Thank you for the heads up on the broken link on my site.  Looks like Renishaw updated their site.  I got my mag readers and tape on ebay also.  I think the readers were about $80 or so.

The mag readers output a differential quadrature signal, which is the same signal that most glass scales, and encoders output.  This is pretty much an industry standard output.  The output is: A, -A, B, -B and looks like the diagram below when viewed on a scope.


----------



## countryguy (Dec 18, 2014)

Thanks Jim, so then you simple make up cables and send that into a DRO device that is expecting the diff quad signal? 




JimDawson said:


> Thank you for the heads up on the broken link on my site.  Looks like Renishaw updated their site.  I got my mag readers and tape on ebay also.  I think the readers were about $80 or so.
> 
> The mag readers output a differential quadrature signal, which is the same signal that most glass scales, and encoders output.  This is pretty much an industry standard output.  The output is: A, -A, B, -B and looks like the diagram below when viewed on a scope.


----------



## JimDawson (Dec 18, 2014)

countryguy said:


> Thanks Jim, so then you simple make up cables and send that into a DRO device that is expecting the diff quad signal?



That's all there is to it.
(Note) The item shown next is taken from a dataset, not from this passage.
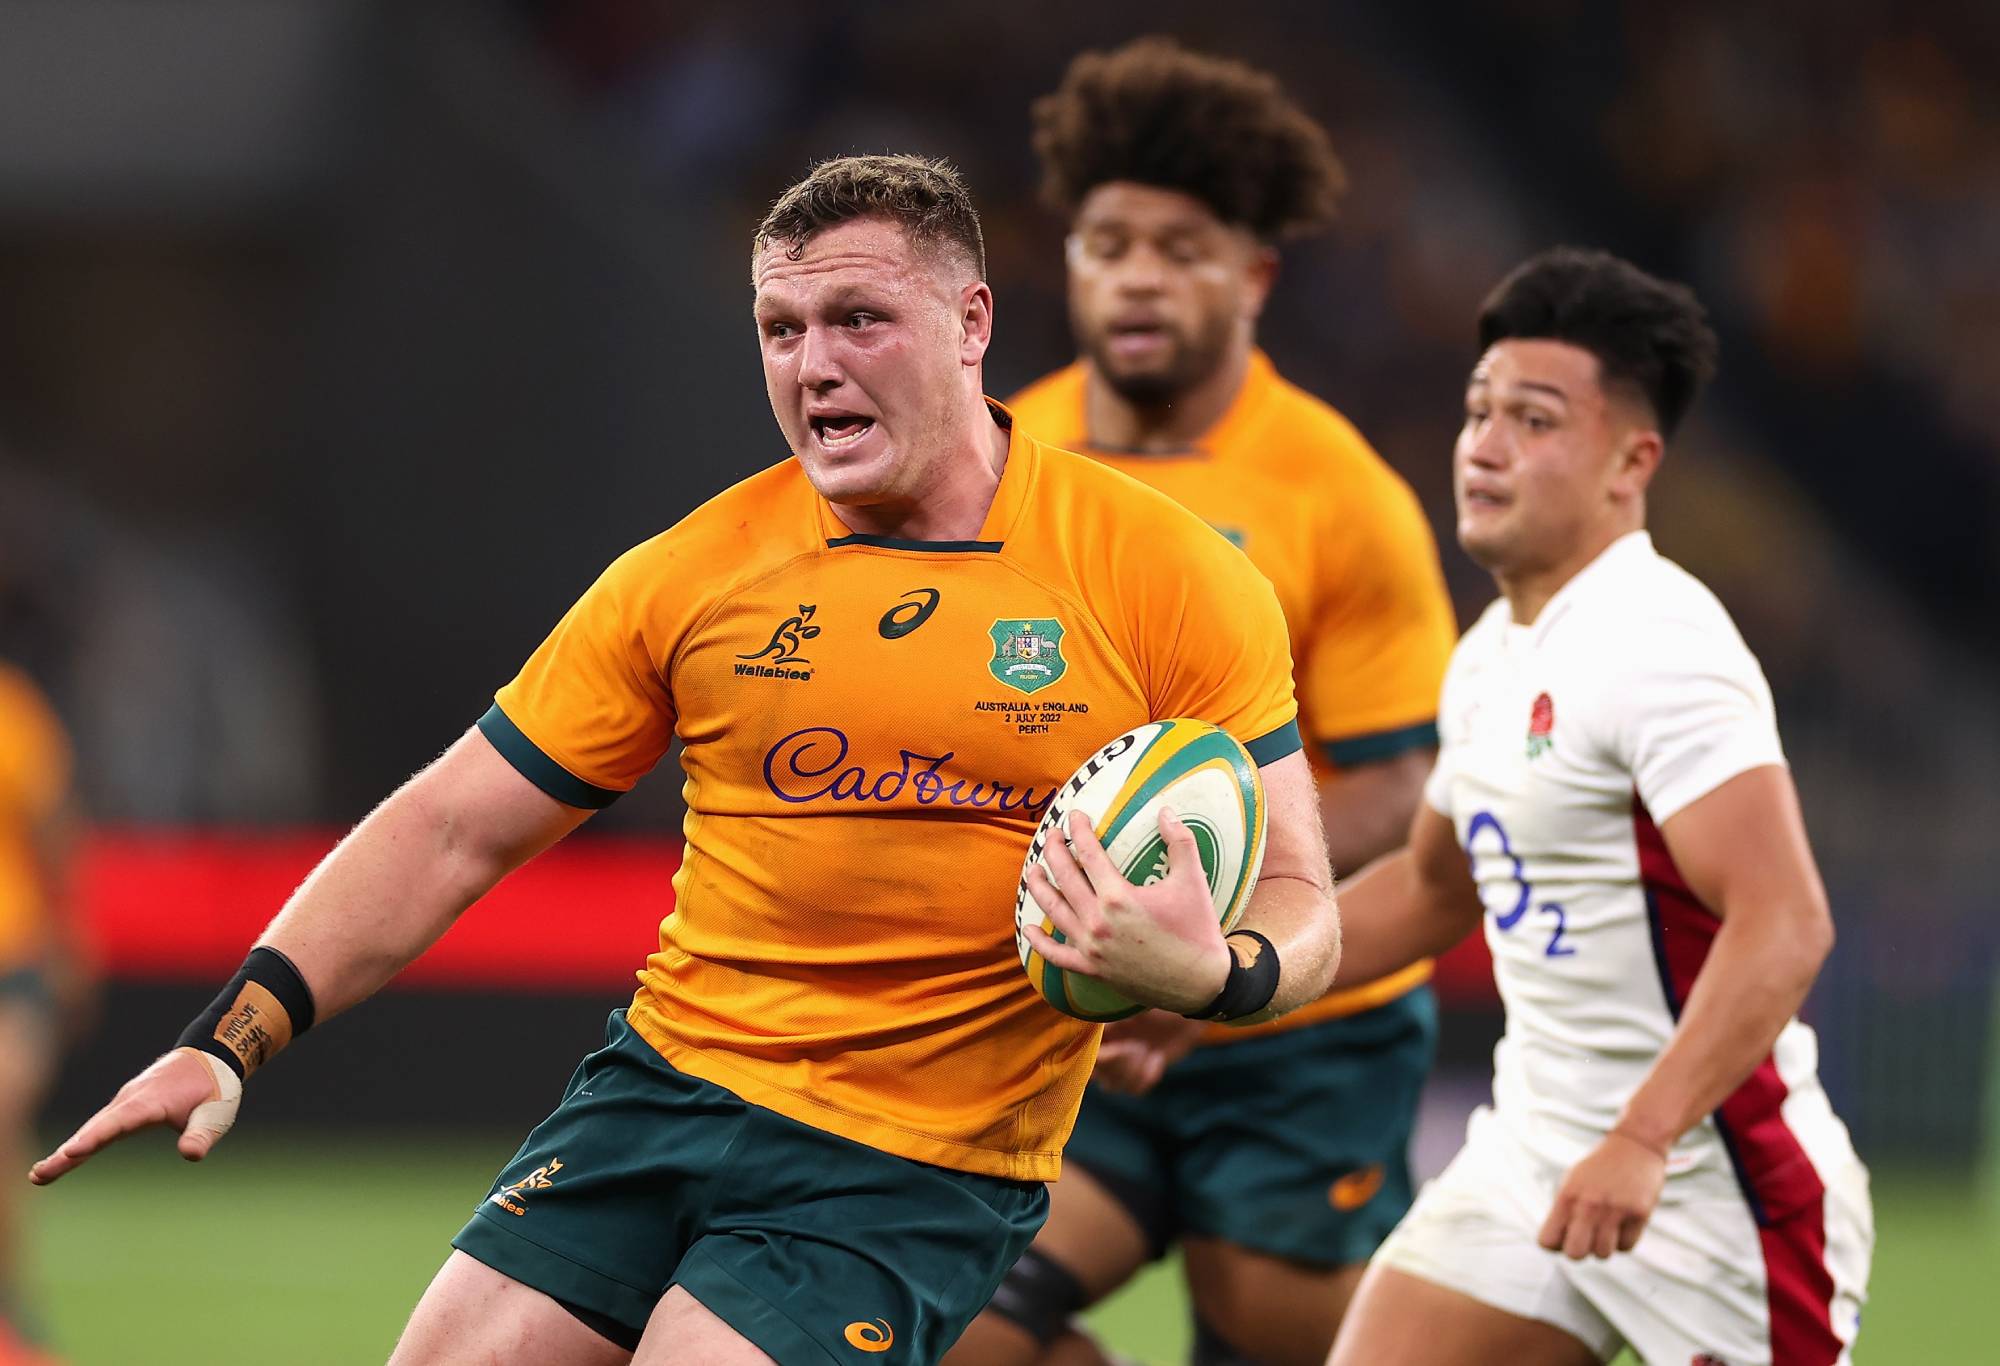 Angus Bell of the Wallabies makes a break during game one of the international test match series between the Australian Wallabies and England at Optus Stadium on July 02, 2022 in Perth, Australia. (Photo by Cameron Spencer/Getty Images)
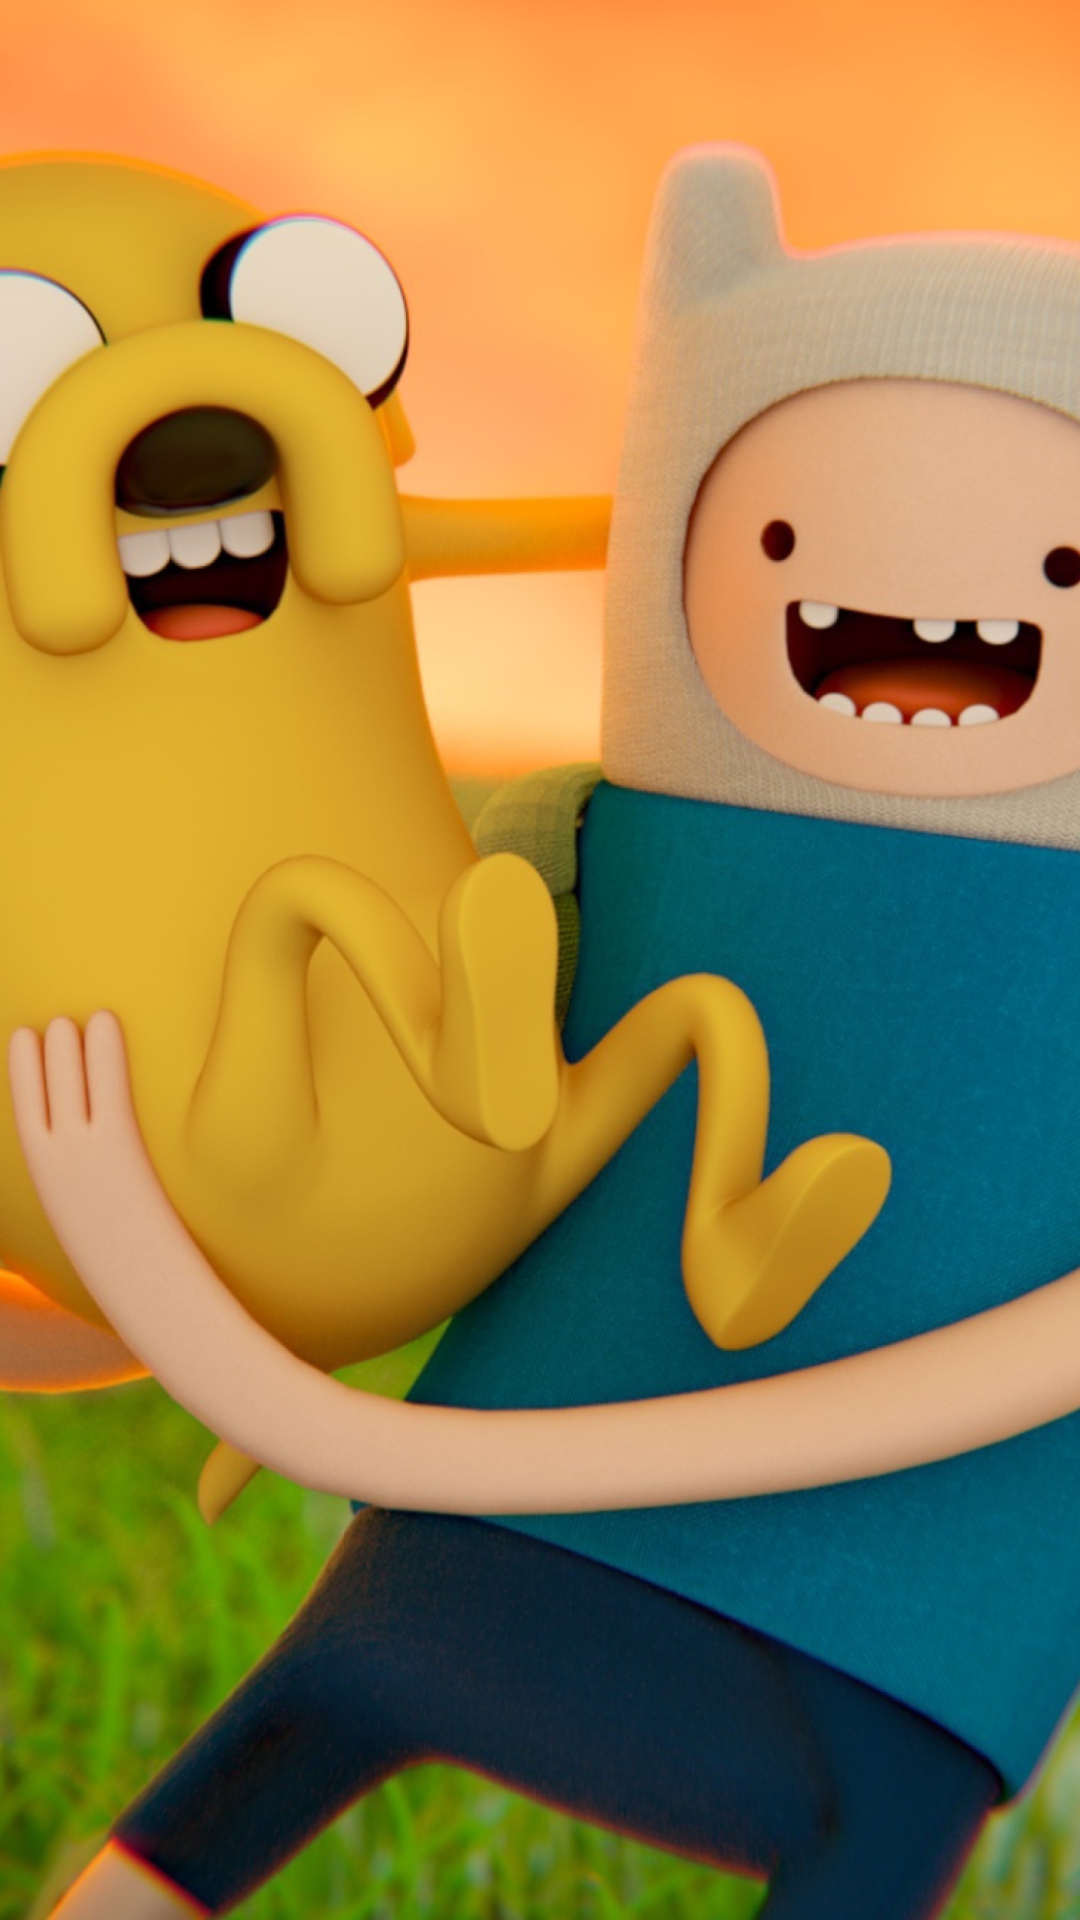 Adventure Time Finn And Jake Wallpaper For iPhone Plus

One other thing is that you need to be able to scale the output of the mag scale in the DRO.  The ones I am using are 25,400 pulses per inch (1 micron, 1 million pulses per meter, 1000 pulses/ mm), I have also seen 10 micron mag readers on ebay.  You would need to make sure the DRO will allow you to adjust the scaling.  These are pretty standard output values for any scale.


----------



## Harry The Big Dog (Dec 25, 2014)

Merry Christmas and Happy holidays to all !!!!!!!!!!!!!!!!!!!!!!!!!!
  Would anybody have a schematic for a 3 axis Anilam Crusader M ? I am not sure if my power suppy is dead or a relay died.  When I turn power on the only thing with power is computer fan . Anybody see this before ?
  Thanks  Harry
bigdog440@hotmail.comanic:


----------



## JimDawson (Dec 25, 2014)

Yup, same thing happened to mine, it was the 5V supply.  I looked through my archives and don't have a picture of the terminal strip.

As crazy as this is about to sound, take the screws out of the hinged cover of the power supply and open it up flat.  Leave it set that way for about 5 minutes, then turn on the power.  It may work.

You can check the power supply at the terminals on the right hand side, top of the computer rack on the door.  I replaced my supply with a 300 watt ATX supply.


----------